Ги любил сидеть на носу своего корабля, когда «большая белая птица» устремлялась в открытое море. Он наблюдал за тем, как бежит за бортом прозрачная вода. «На глубине нескольких футов под лодкой медленно развертывалась по мере нашего продвижения волшебная водяная страна, где вода, как воздух небес, дает жизнь растениям и животным».

Жизнь, заполненная путешествиями, на время успокаивает того, кто в скором времени превратится в тяжелобольного. Ги рассказал об этом в книге «На воде», «полной сокровенных мыслей, потому что это — мой дневник».

«На воде» — единственная значительная книга, в кото-торой Мопассан прямо говорит о себе, изо дня в день на борту или на суше записывая свои впечатления, мысли; подчас это заметки, адресованные самому себе, подчас — материал для очерков, которые он опубликует позже в «Жиль Бласе», «Фигаро» или «Голуа». Мопассан досконально описывает собственные переживания, противореча тем самым своему программному заявление в предисловии к «Пьеру и Жану».

Как бы вполголоса беседует он со своими друзьями: «Я один, в самом деле один, в самом деле свободен. Дымок поезда бежит по берегу! А я, я плыву в крылатом жилище, и оно покачивается, прелестное, как птица, маленькое, как гнездышко, удобное, как гамак, и блуждает на волнах по воле ветра, не сдерживаемое ничем».
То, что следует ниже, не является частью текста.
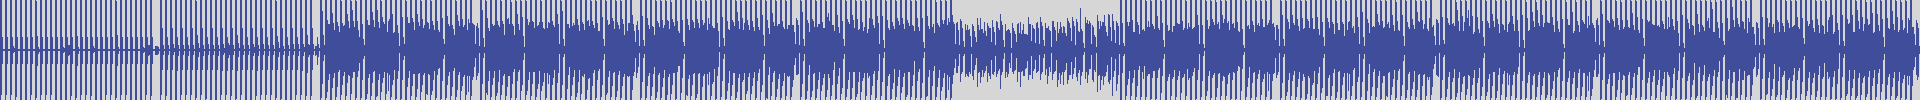 nf_boyz_records [NFY069] Sin Kope - Flowers [Big Tech Mix] audio wave form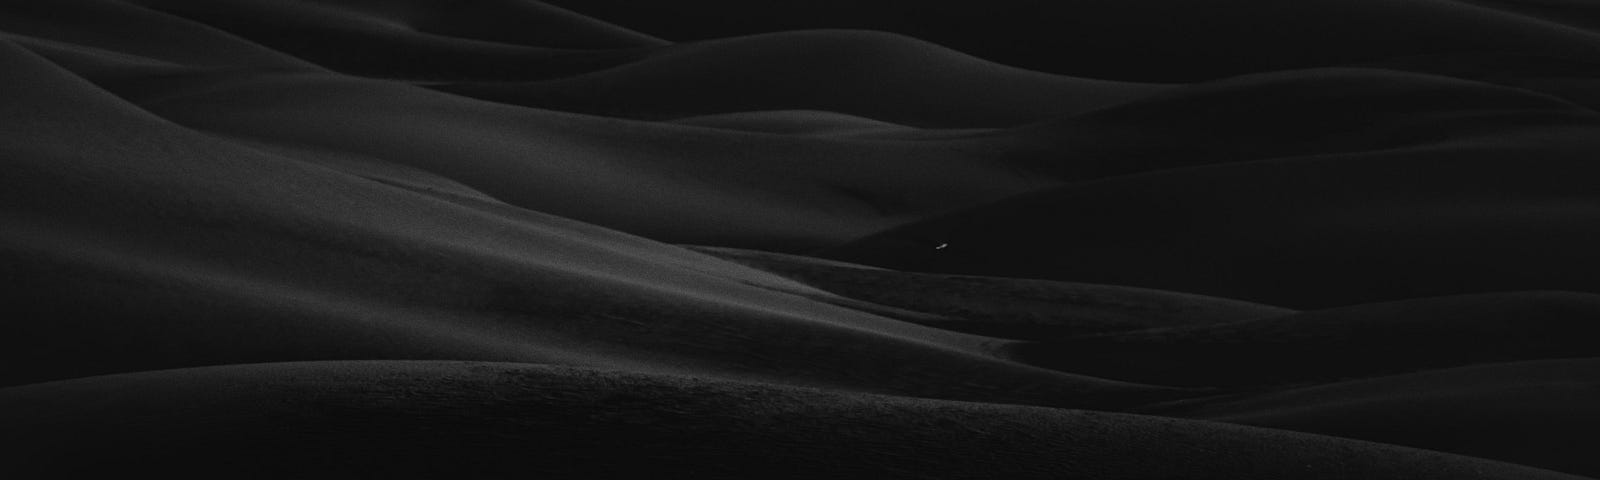 A dark desert. A strange place by Joy Nibbs

Поль Неве в предисловии к полному собранию сочинений Мопассана, выпущенному издательством «Конар», сравнивал «На воде» с «Вертером» и «Ренэ», называя этот отрывочный и поспешно написанный «бортовой журнал… завещанием и исповедью Мопассана».

«Вокруг меня Канны расплескали свои огни… И я думал о том, что во всех этих виллах, во всех этих гостиницах сегодня вечером собрались вместе люди, как собирались вчера, как соберутся завтра, и что они разговаривают! О чем же? О принцах, о погоде!.. А потом? Больше ни о чем!.. Надо захмелеть от глупого высокомерия, чтобы считать себя чем-то иным, а не животным, едва возвышающимся над другими животными! Послушайте-ка их за столом, этих несчастных! Они разговаривают! Они разговаривают искренне, доверчиво, мягко и называют это — обмениваться мыслями».

В действительности этот пессимизм, это разочарование, этот бунт против абсурдности жизни маскируют отчаянную тоску о невозвратном романтизме. В грустном литературном бычке есть что-то от полузадушенного Мюссе.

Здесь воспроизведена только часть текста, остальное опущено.